Yolanda Herrera, a lifelong south-side resident who chairs a community board that deals with the area's water issues, said she's happy the city is taking a "proactive" approach by building the plant now rather than waiting for the contamination to become a bigger problem.

At the same time, "We want to hold their feet to the fire" to make sure the water is cleaned up," said Herrera, who chairs the United Community Advisory Board.

"The fact that we are actually monitoring this whole situation is a great thing," said Herrera, who said she saw many of her friends and family members get cancer from drinking the TCE-tainted south-side water in the past. "I also think it is good that the EPA is taking down the maximum level of dioxane (allowed) in the water."

Authorities also want to start removing it from south-side groundwater because it's starting to show up in areas of the TCE pollution plume where it hadn't been before, city officials said.

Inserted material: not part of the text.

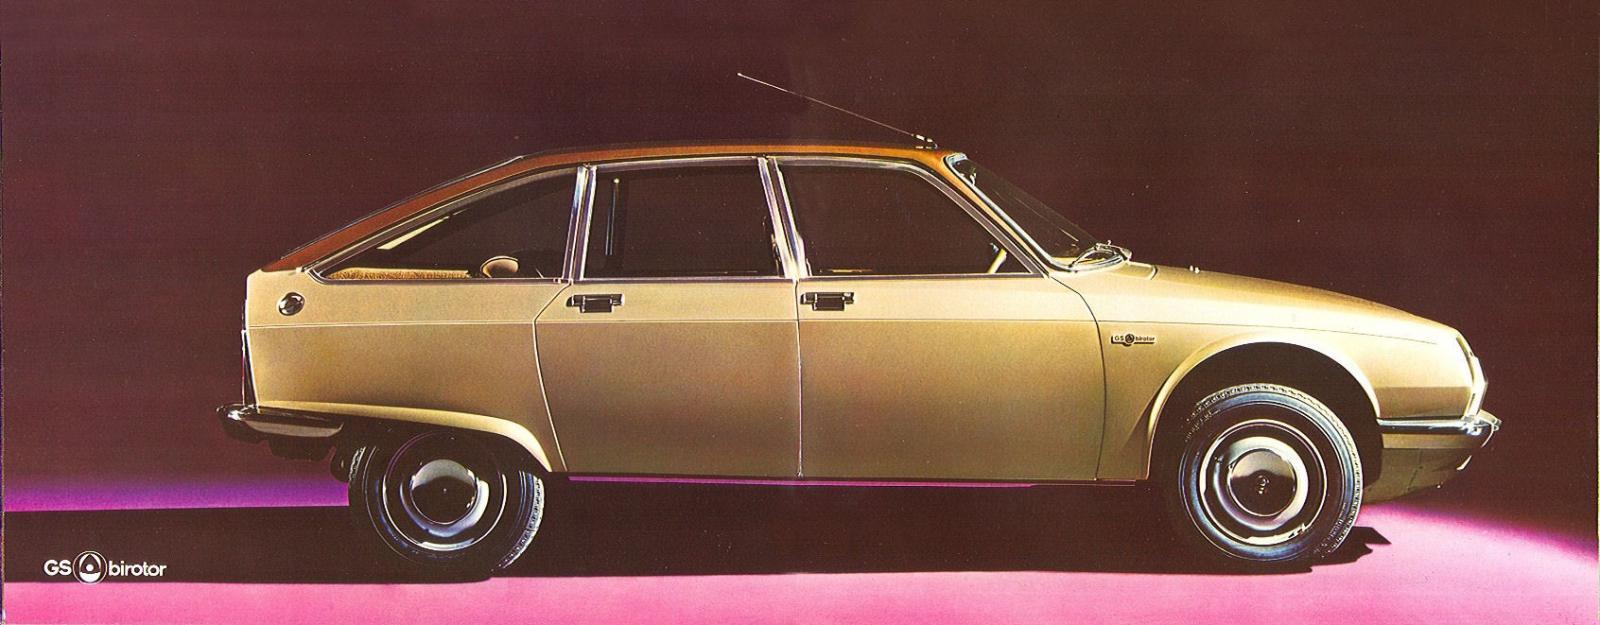 GS Birotor 1973 profil

With that fact plus the health study, the city can no longer keep the dioxane at low enough levels simply by blending it with other city water as it has until now, officials said.

In recent years, dioxane levels at the southern half of the TARP wellfield's aquifer were stabilizing at about 11 parts per billion. But dioxane levels showed up this past winter in measurable concentrations for the first time - about 1.25 parts per billion. One part per billion is about the same as a drop of water in 22,000 gallons, Tucson Water has said.